- Data segment -

● ● ●

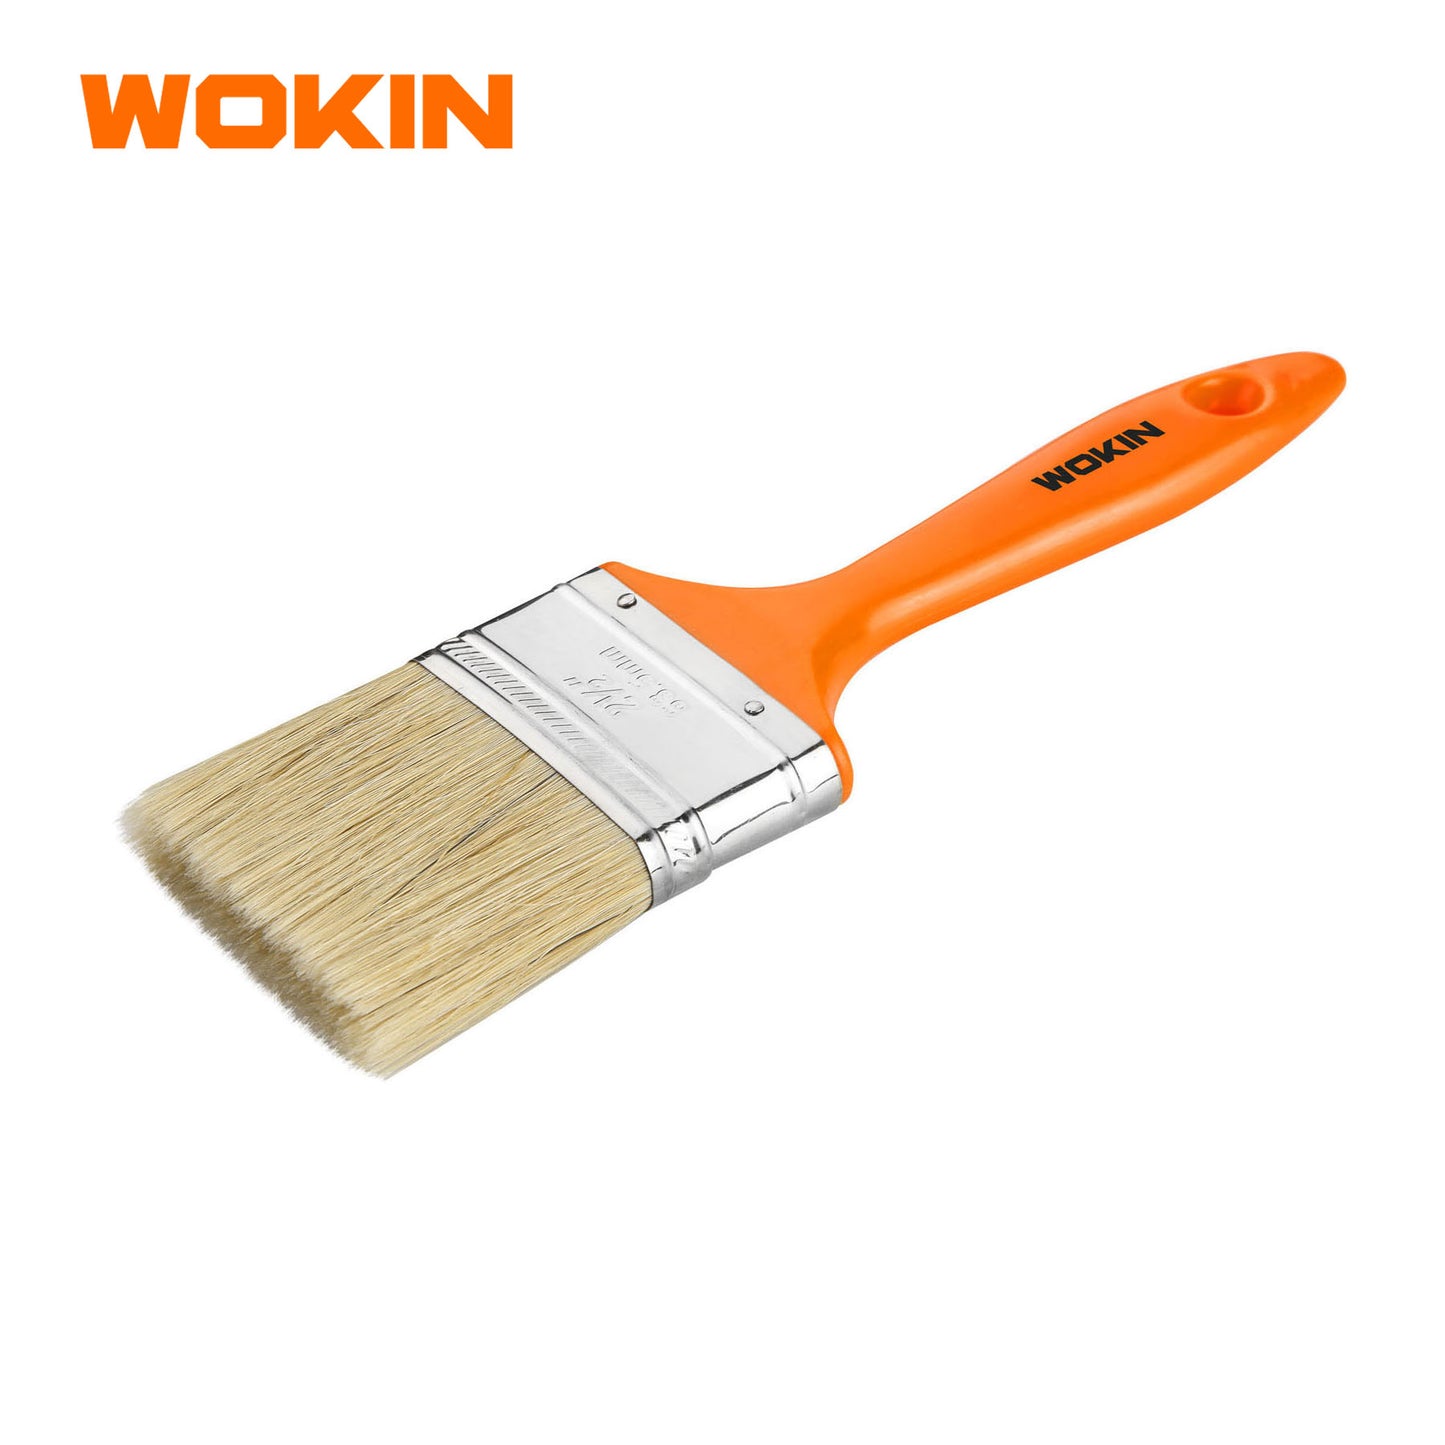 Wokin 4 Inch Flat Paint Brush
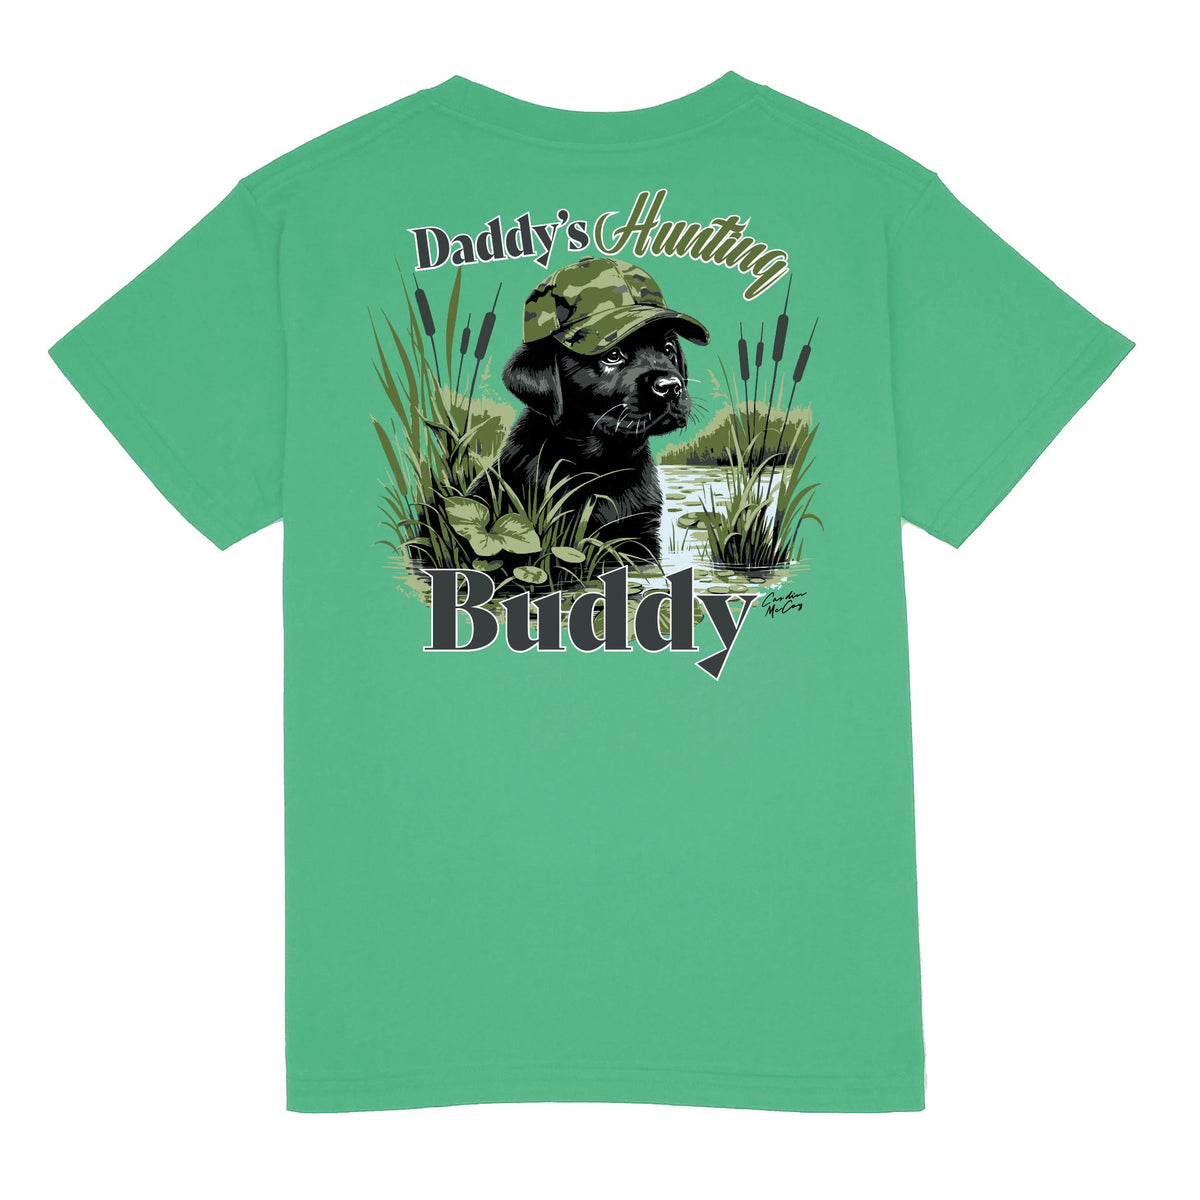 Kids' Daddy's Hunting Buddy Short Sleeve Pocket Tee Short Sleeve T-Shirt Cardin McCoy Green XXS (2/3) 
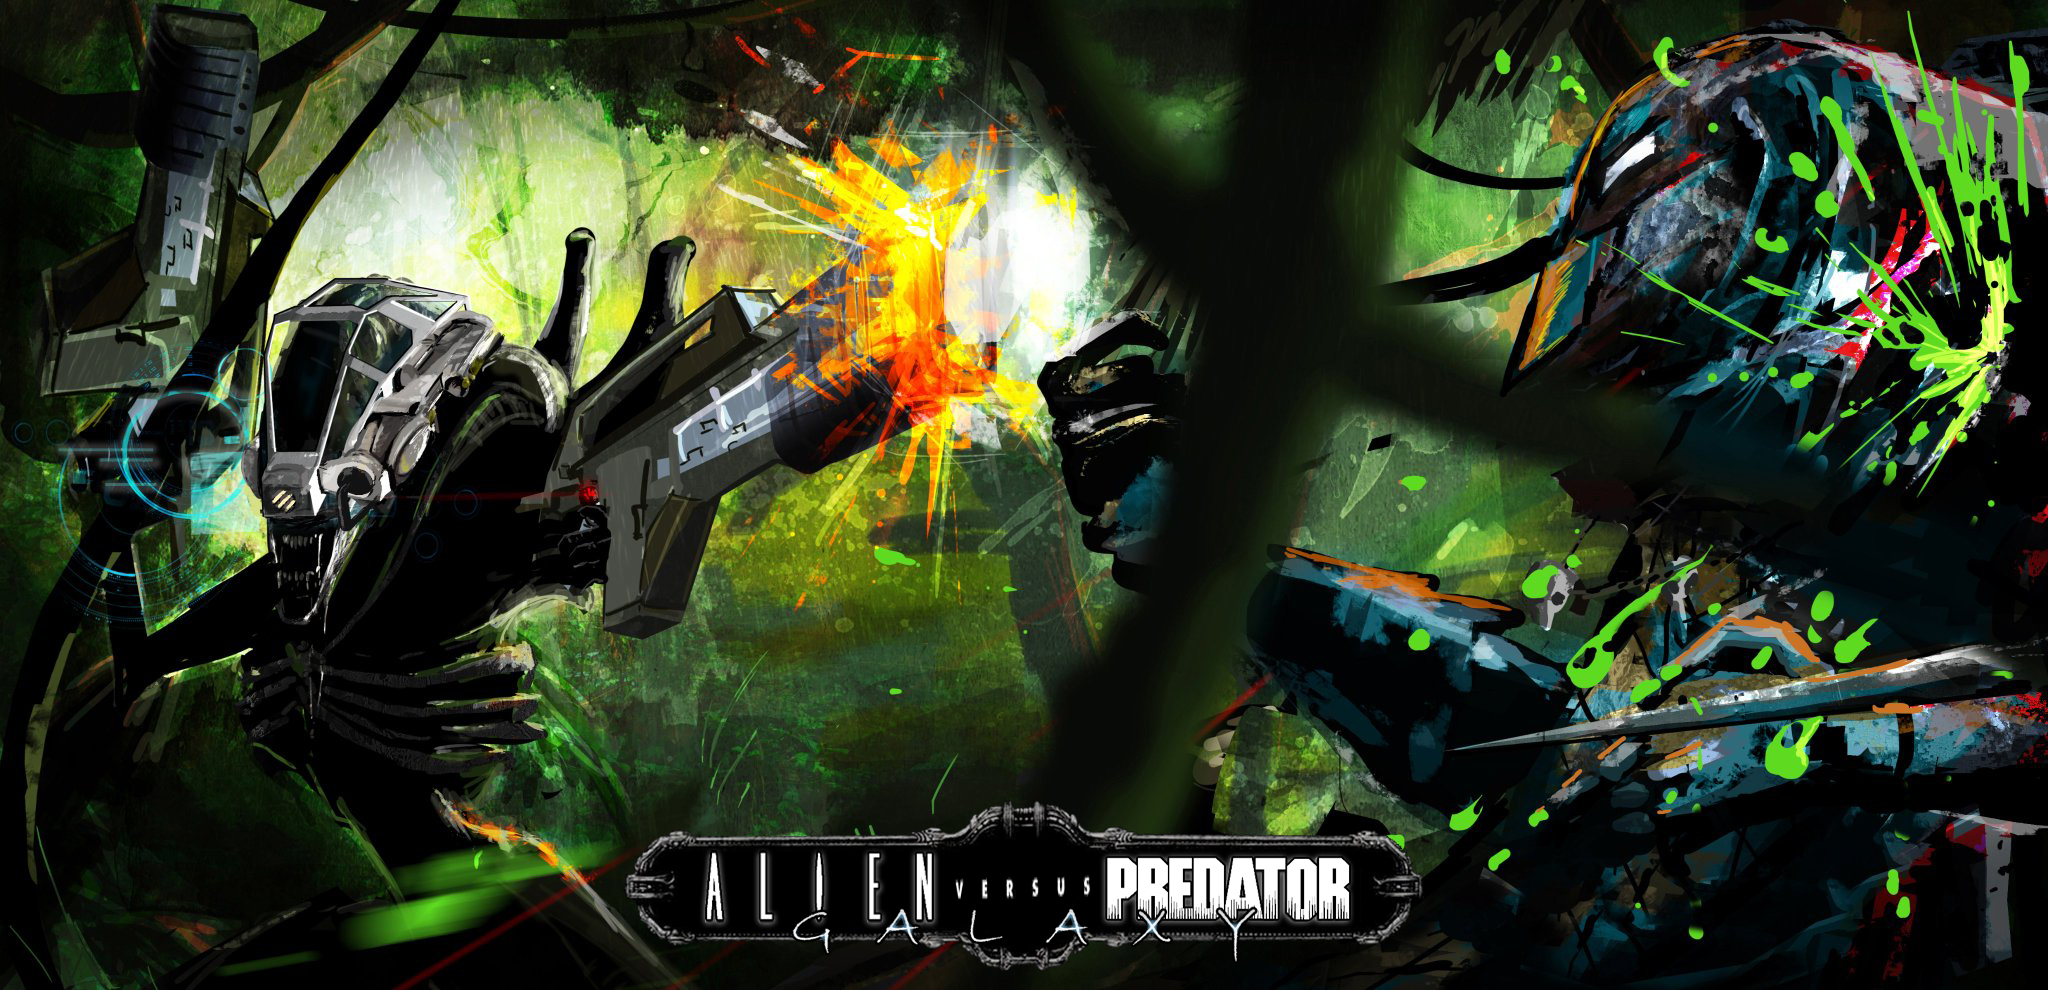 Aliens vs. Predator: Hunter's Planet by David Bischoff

● ● ●

Give back the material above exactly as written, but omit the images.

 Wokin 4 Inch Flat Paint Brush
 Kids' Daddy's Hunting Buddy Short Sleeve Pocket Tee Short Sleeve T-Shirt Cardin McCoy Green XXS (2/3) 
 Aliens vs. Predator: Hunter's Planet by David Bischoff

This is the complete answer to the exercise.